• Records shown:

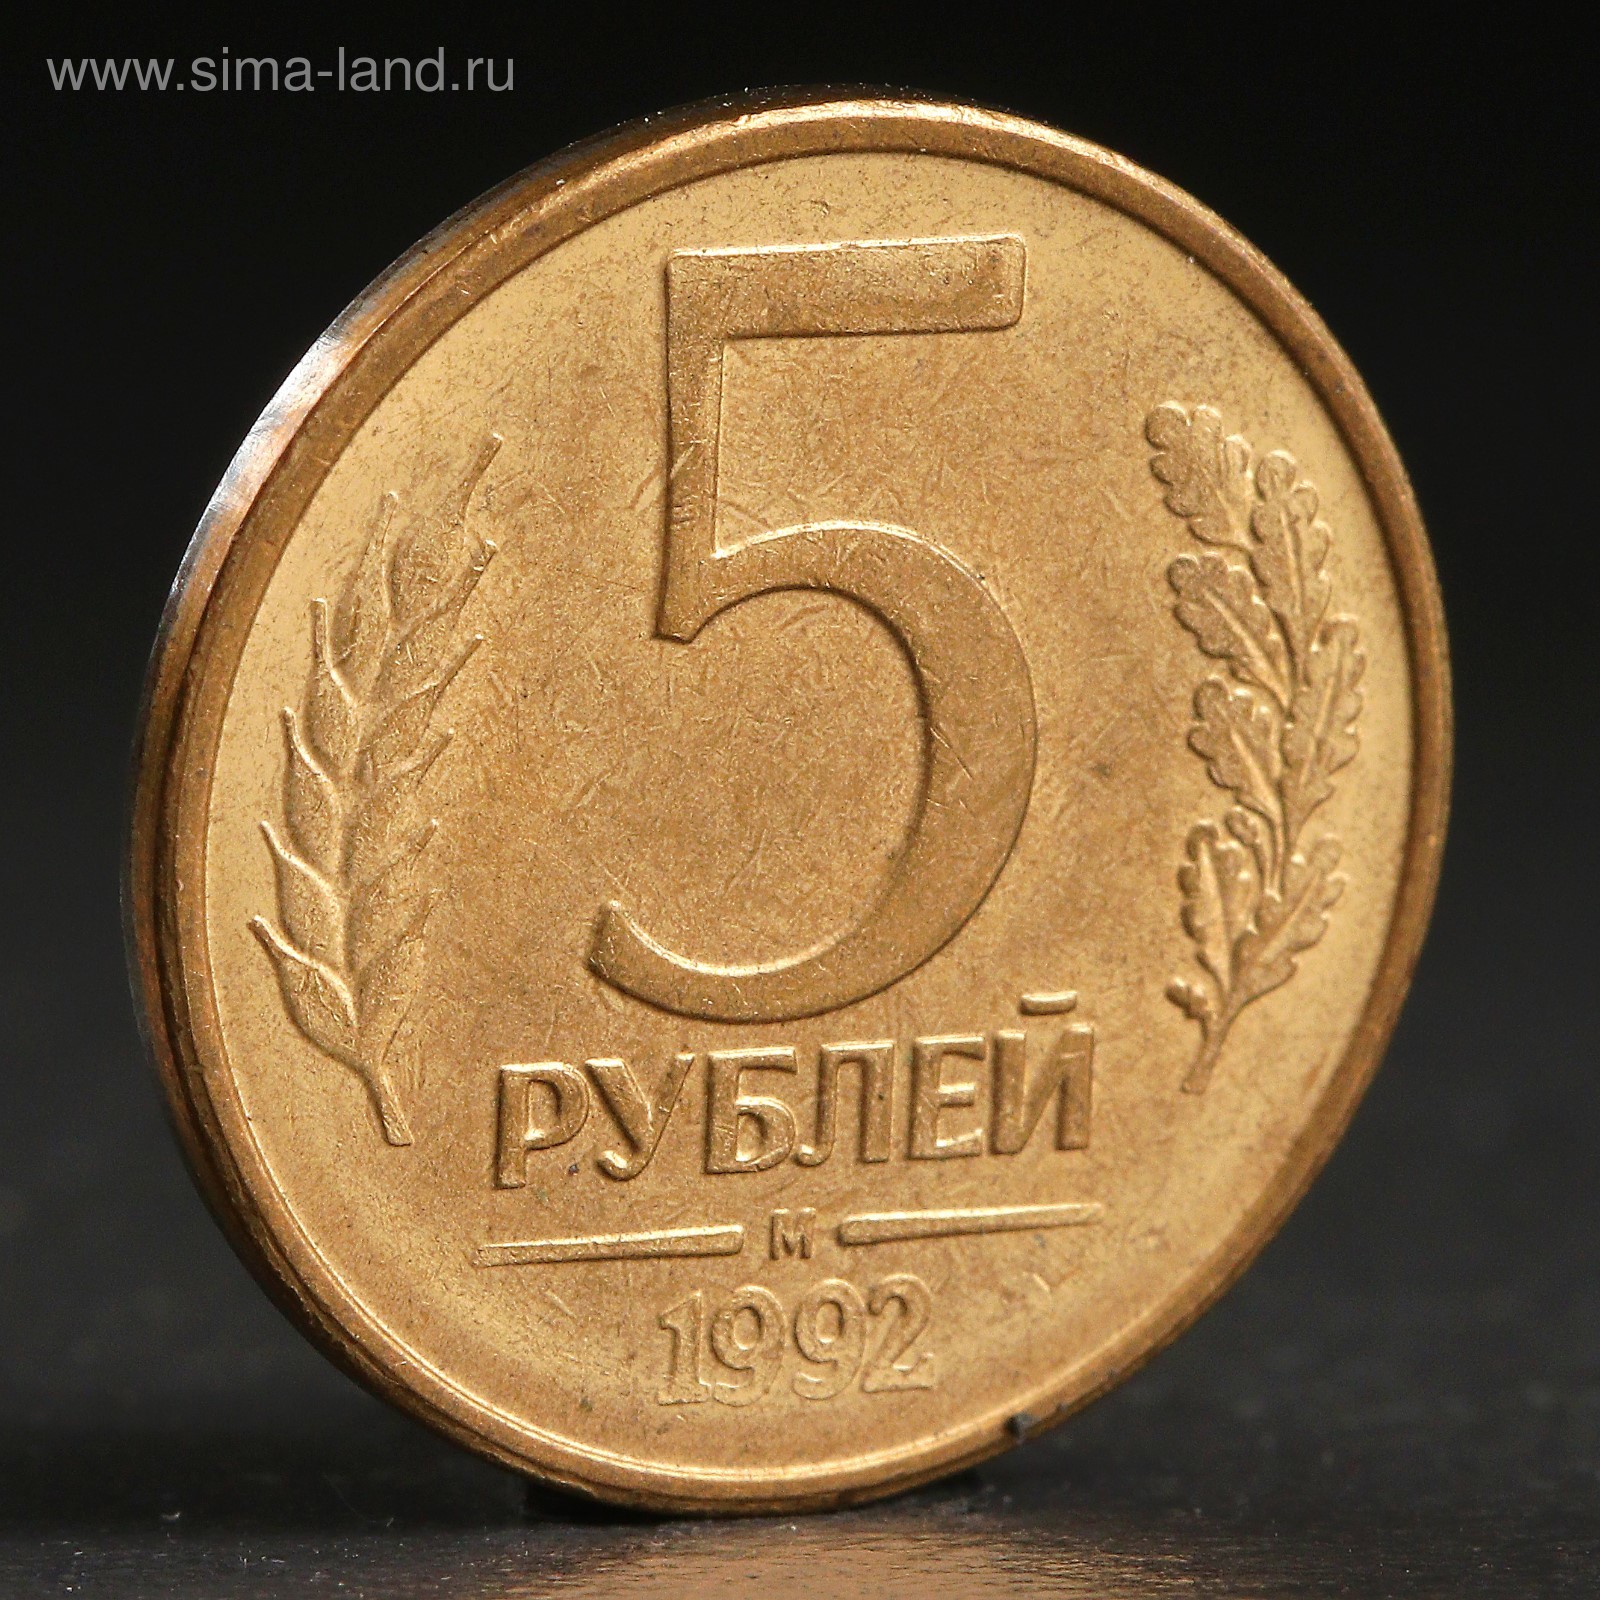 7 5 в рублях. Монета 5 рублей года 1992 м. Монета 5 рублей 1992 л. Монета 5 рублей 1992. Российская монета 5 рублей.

---

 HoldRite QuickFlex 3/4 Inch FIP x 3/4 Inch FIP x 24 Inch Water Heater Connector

* * *

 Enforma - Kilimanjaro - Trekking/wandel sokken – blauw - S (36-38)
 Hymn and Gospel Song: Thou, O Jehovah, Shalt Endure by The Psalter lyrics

• Exercise brief:
Retype only the stretch of lines above starting at the one with "Enforma - Kilimanjaro" and stopping at the one with "Hymn and Gospel", exactly as written, with both kept.

• Written response:
 Enforma - Kilimanjaro - Trekking/wandel sokken – blauw - S (36-38)
 Hymn and Gospel Song: Thou, O Jehovah, Shalt Endure by The Psalter lyrics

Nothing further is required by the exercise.